Username: SilhouetteStation
Kalon name: Shaiska
How do they commune with nature?:
I close my eyes, and see my forest.
Lush, beautiful, alive. Teeming with insects and chittering birds. Warm yellow sunlight streaming through the tree leaves, dappling the forest floor on which I walk upon. My bare feet feel every grain of dirt, every twig, and beneath, a warm and gentle humming that absorbs into my skin, into my veins.
I see golden butterflies perched upon pink flowers. I see vines, tendrils stretched out in many directions to cradle rocks and trees in their embrace. I reach out to touch them, and they sigh. I touch the flowers, and they sing. Birds perch upon my shoulder, whispering secrets in their mother tongue, but I understand.
I hear it all.
I reach a clearing in the middle of my forest. A willow tree stands in the middle, its leaves brushing the surface of the pond. I touch the water, and feel the ripples pulse through me like another heartbeat. I touch the bark of the tree, and I hear its voice. Familiar; as wise as a mother, but as giggly as a child. They are all mine. My children, my family, my world.
A cold breeze blows through the clearing, rustling my hair and sending a chill down my spine.
I open my eyes, and see my forest.
Dull skies and gray clouds. Soot clings to my feet and leaves trails wherever I walk. The trees are broken, black and charred, like the remainder of my heart. The birds don't sing here anymore.
The wind blows colder. There is no protection here, nor is there anything to protect.
My children. My family. My home.
All gone.
I can't feel the ground breathing beneath my feet. I search to no avail to find just one flower bud, just one sign of life. The vines are brittle and hard. When touched they snap, but I cannot hear them cry. I cry for them instead.
The pond is dry. The willow tree, stripped of leaves, burnt almost beyond recognition. I place my hands on her, willing to hear her voice again.
Very faintly, I hear noises. A child screaming. Someone crying. A mix of panicked voices, mixing with one another in a horrible symphony of fear and pain.
Dark tears stain my face as I curl up in her roots, mourning what I have lost, and wishing more than anything to have it all back.
(400/400)
1 extra:
I'm not sure who came first; me or the forest. My earliest memories are hazy but I know I've always been here, and that I've always heard their voices. The trees and bushes, the water and wind. When birds talk, I understand. Even the rocks, although they don't say as much.

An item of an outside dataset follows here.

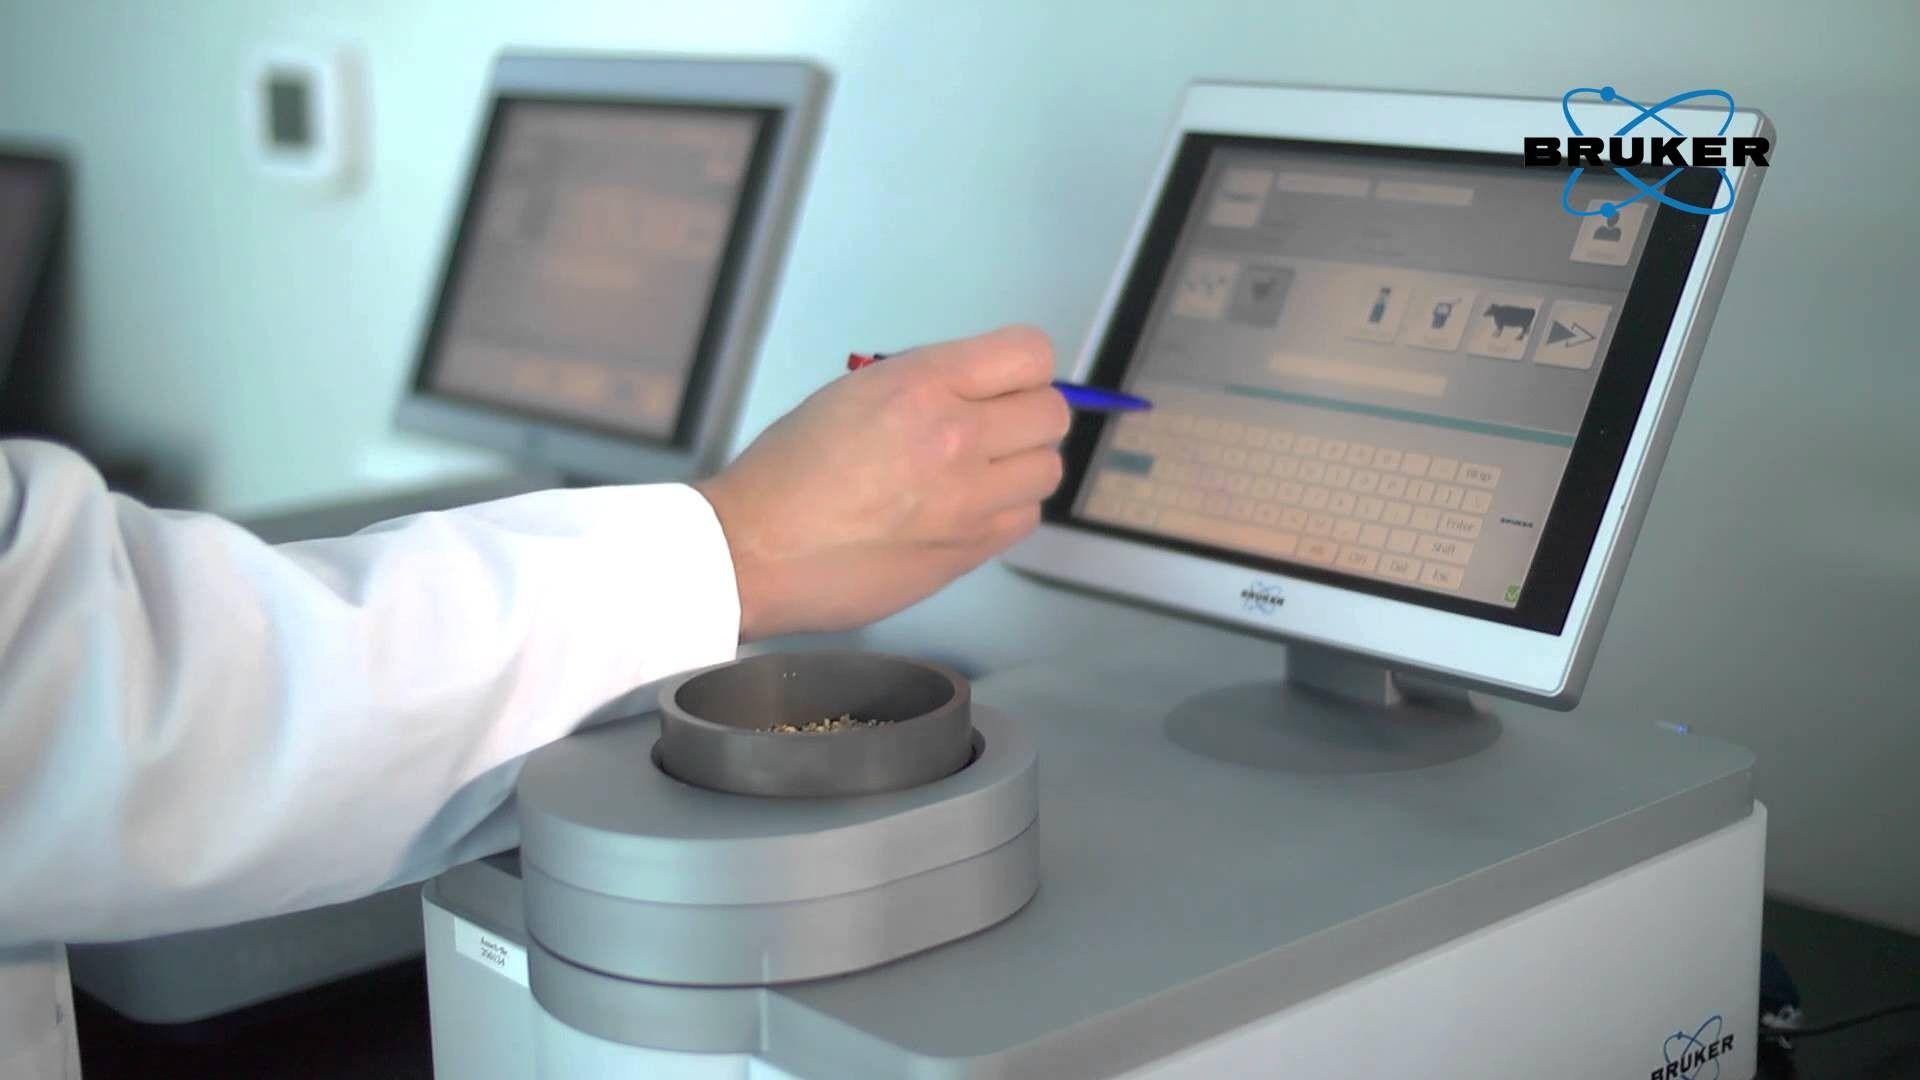 TANGO ИК-Фурье спектрометр ближний ИК-диапазон

All it takes is a touch. My feet on the ground hear the deep, slow voice of Mother Earth. Her voice is aged and soothing; she's been here the longest.
My hands allow me to communicate with everything else. Each thing has a voice, whispering in my head, and I talk back to them. They teach me, guide me, love me. I've never known another family.
When the fire came, I could do nothing to protect my home. It was too fierce, too consuming. I heard their screams as the trees fell, the leaves burnt, the animals perished. I felt Mother Earth shudder as she wept.
When the land was left blackened and desolate, I felt an emptiness inside of me I didn't know how to heal. All of me hurt, all of me was distraught. The worst thing was the silence; there was nothing to hear apart from my tangled web of thoughts.
For many nights and days I wandered through the wreckage of my home. Sometimes I found myself curled up, collapsing in on myself, but something kept forcing my legs to keep walking. Mother Earth was silent in her grieving but I had to believe that she wanted me to keep going, to restore my forest, my home.
Recently my feet have begun to tingle as I walk. I follow the path they guide me on in hopes they will lead me to a sign of life, and I can help my forest to be reborn.